Gender identity is probably similar. How does one explain the physics of interstellar light in a couple of sentences? How does one explain why someone with a penis wants to wear a dress?

On a side note, the last thing I expected to write about this morning was comparing crossdressing to lightyears but here we are.

I have come out to three romantic partners in my life. One didn’t understand and avoided discussing it, another was accepting, and then there’s my amazing wife. Each time I came out there was also the need to explain who I wasn’t and what this didn’t mean.

No, I am not gay. No, I am not doing drag. No, this isn’t a sex thing. No, I am not in denial. No, I don’t feel I was born in the wrong body. No, I am not going to transition.

Each of those sentences was their own conversation, often over the course of several weeks. An exhausting conversation for both of us. These conversations rarely led to them being resolved. Resolution would come in time. What I mean is that no matter how many times I told my wife I didn’t want to transition, she wasn’t convinced or at least was very skeptical. It took years until she was at peace and had moved on from that fear.

The first thing that needs to happen when it comes to our partners understanding this side of us is them going in the right direction.

What I mean is them learning what this side of us IS, and them moving away from what this side of us ISN’T.

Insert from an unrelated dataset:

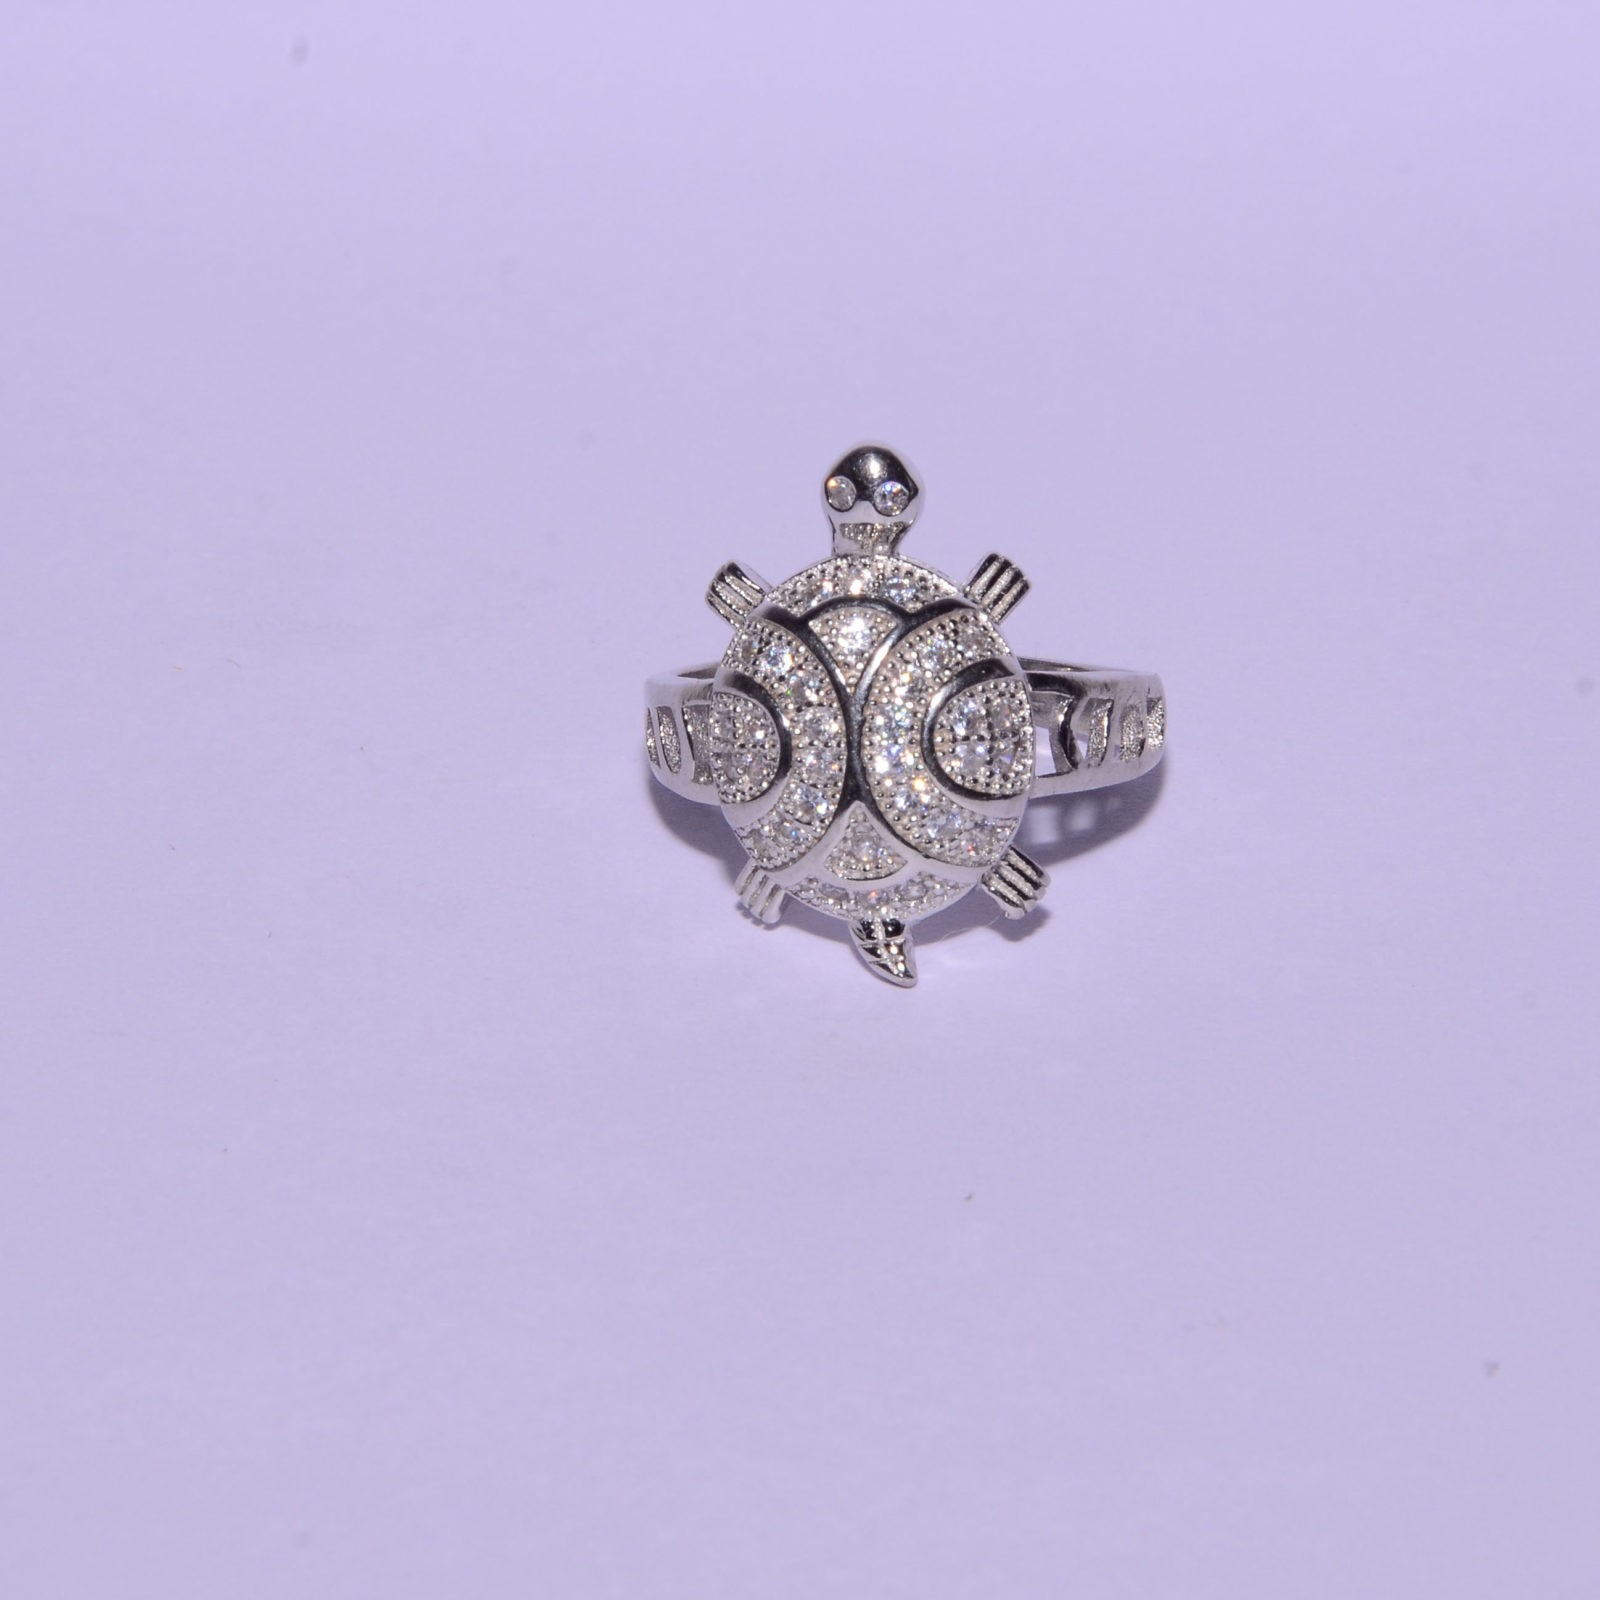 Silver Tortoise Ring White Diamond | 925 Silver Kachua Ring

Our partners first have to come to terms with who are are NOT before learning who are really are, what we really want.

To put it a different way (and bear with me, I am not a mechanic), if you are fixing a car that is making a weird noise, you probably start with what is the most likely reason the car is making that noise. If that is indeed the reason, then you know how to approach it. If it’s not the reason, you go to the second likely reason and so on.

This side of us isn’t that different.

And here we are comparing crossdressing to auto maintenance. I mean, we already compared crossdressing to interstellar travel so we may as well roll it with.

The moment we realize that we want to wear panties or makeup or look feminine we likely immediately wonder WHY we want this. We probably ask ourselves the same questions. Am I gay? Is this a fetish? Am I repressing something I am feeling? Was I born with the wrong genitalia? Is transitioning right for me?

Thus begins a lifetime of introspection and overthinking.

When we come out to our partners, they process who we are in a very similar manner. Is their husband gay? Is their husband wanting to do drag? Is this a fetish? Is he in denial? Does he feel he was born in the wrong body? Does he want to transition?

I mean, to be fair, these are very common reasons why someone like us are who we are. Of course, there are just as many of us where these reasons are nothing to do with who we are. Myself included.

Our partners will likely need to come to peace with each of these questions (and this usually takes a loooong time) before they can start to see for themselves who we really are and what this is all about.

Going back to the car analogy, a mechanic will look at every likely reason an automobile is making a weird noise. If the noise isn’t caused by the most likely reasons they start to look at the situation with fresh eyes and realize it’s a different scenario, one they hadn’t considered. A new thing to understand.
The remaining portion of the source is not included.